What this task involves: Only the pictures are to be left out; please reproduce everything else in the data exactly.

Data section:
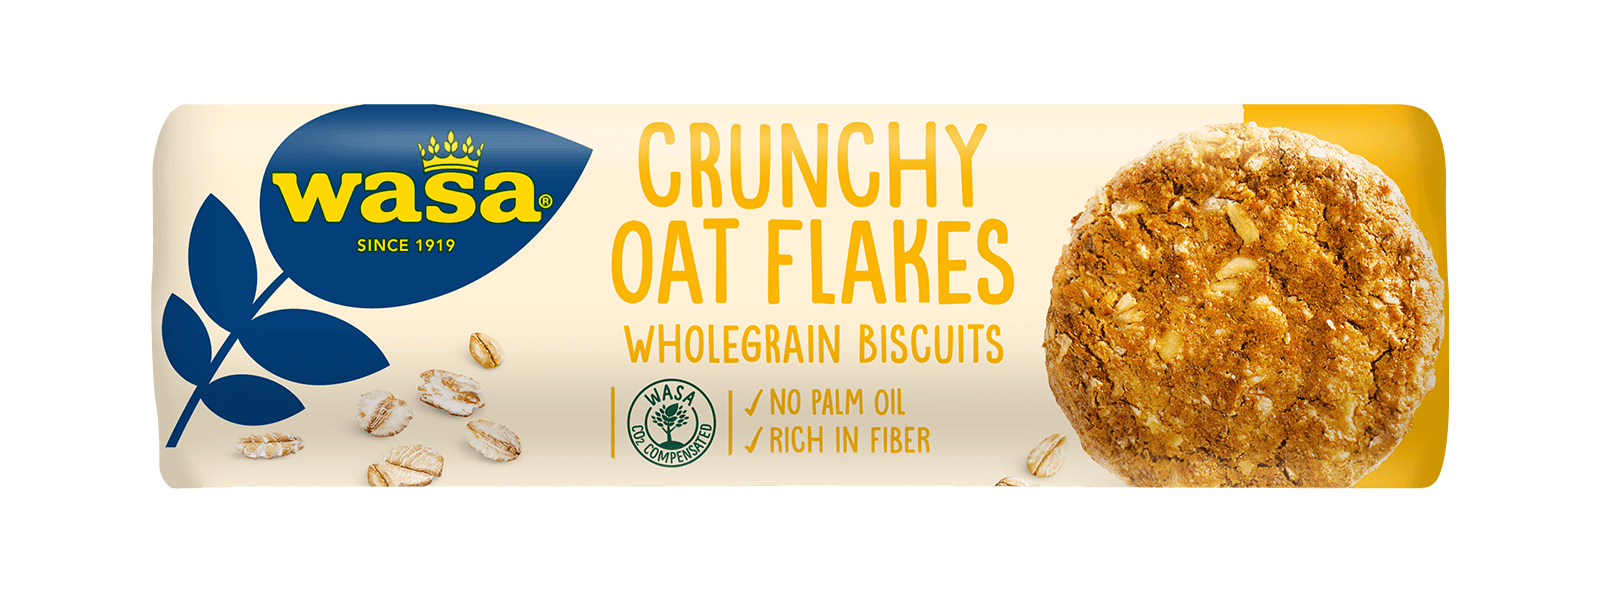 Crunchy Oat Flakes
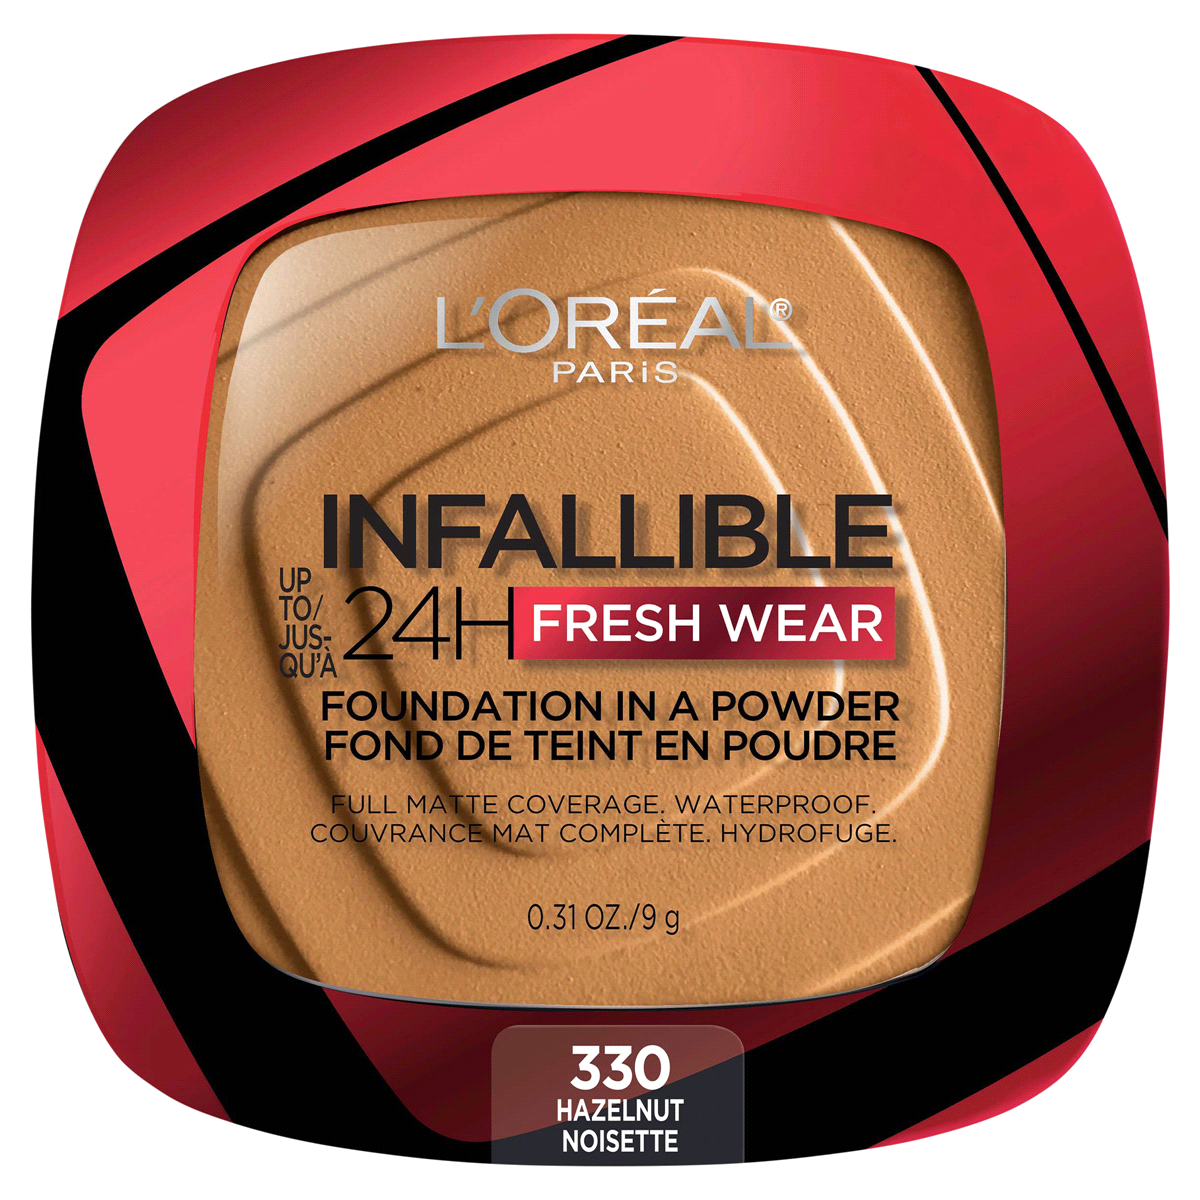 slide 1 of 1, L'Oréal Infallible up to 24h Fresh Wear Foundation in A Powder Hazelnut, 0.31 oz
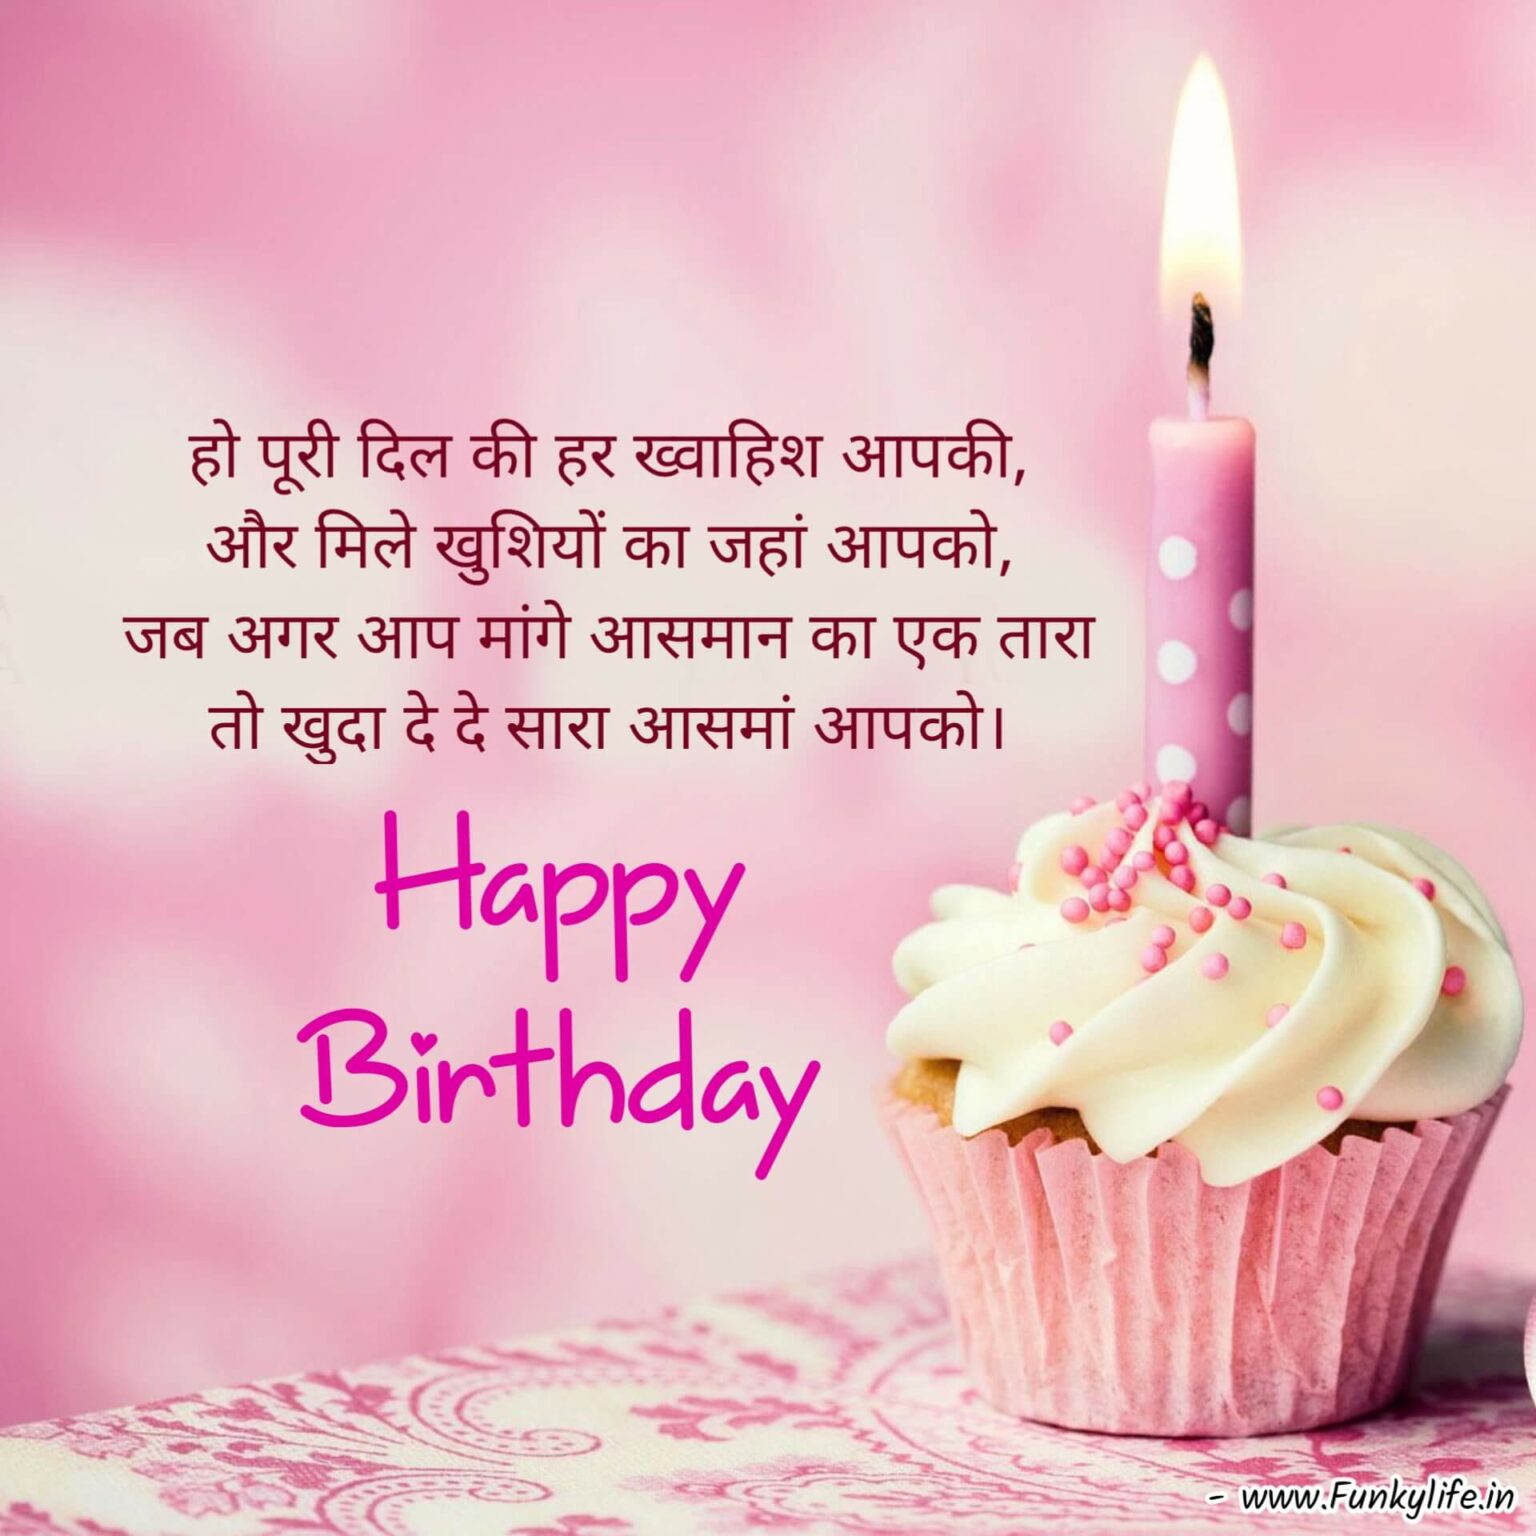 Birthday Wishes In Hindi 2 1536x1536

Task solution:
 Crunchy Oat Flakes
 slide 1 of 1, L'Oréal Infallible up to 24h Fresh Wear Foundation in A Powder Hazelnut, 0.31 oz
 Birthday Wishes In Hindi 2 1536x1536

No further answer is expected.